Keith Harris is a ventriloquist best known for operating a fluffy duck called Orville. Together, in 1983, they reached No 4 in the charts, singing "I wish I could fly, way up to the sky, but I can't". I don't think it's the same Keith Harris who has been trying to find a buyer for Everton FC these last few years, but it might as well have been.
In Bill Kenwright's meeting with the Blue Union supporters' group last week, the Everton chairman, among many other candid admissions that he was promised would be kept confidential, reportedly explained that Harris, who runs investment bank Seymour Pierce, did once find potential purchasers for the beleaguered club, and that they were allowed to conduct due diligence before turning out to be hoaxers. It turned out that the man claiming to be the one-time head of ICI in East Asia didn't own a hedge fund, as Harris believed. In fact, he didn't even own a hedge. He lived in a one-bedroom flat.

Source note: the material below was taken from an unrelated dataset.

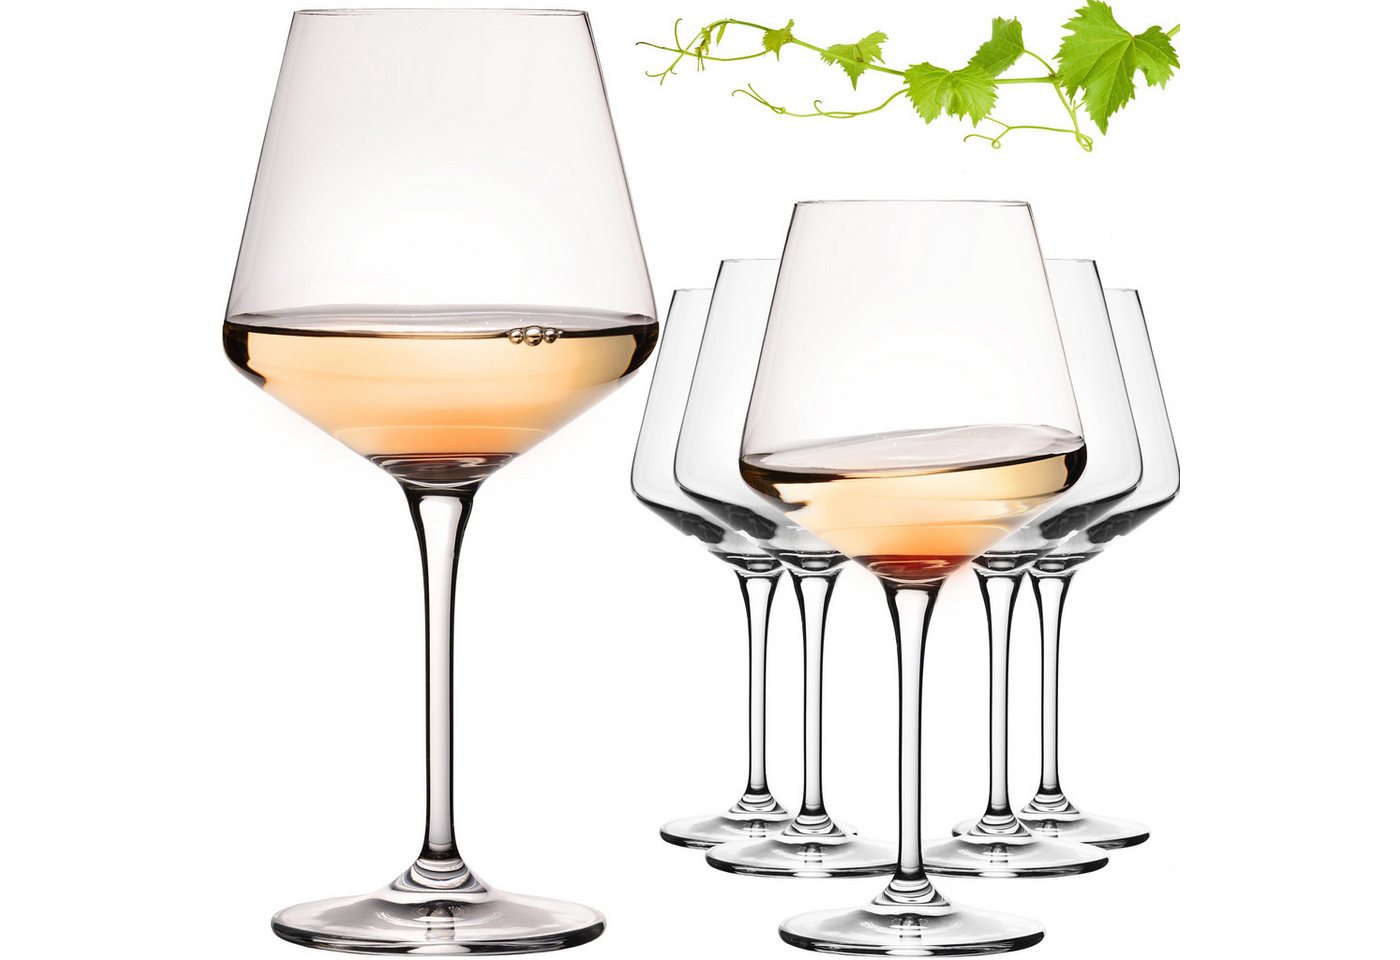 IMPERIAL glass Weinglas Weißweingläser 560ml "Athen" Chardonnay Glas aus Crystalline Glas, Crystalline Glas, Weingläser Set 6-Teilig Klangvoll Spülmaschinenfest von IMPERIAL glass

All this, compounded by Kenwright's revelation that Barclays Bank has cut the club's overdraft facility, would make Everton a laughing stock if it weren't for the gallows humour already in full swing along Goodison Road. I received two text messages last week from fellow Evertonians. One of them exulted in our team's unbeaten start to the season, having confounded our reputation as slow starters by surviving the Premier League's opening weekend without conceding a single goal – albeit partly, if not entirely, as a consequence of not having played yet, following the postponement, in the wake of the riots, of the fixture at Tottenham Hotspur. Speaking of which, the other text reported that rioters had broken into Goodison Park and caused £30,000 worth of improvements.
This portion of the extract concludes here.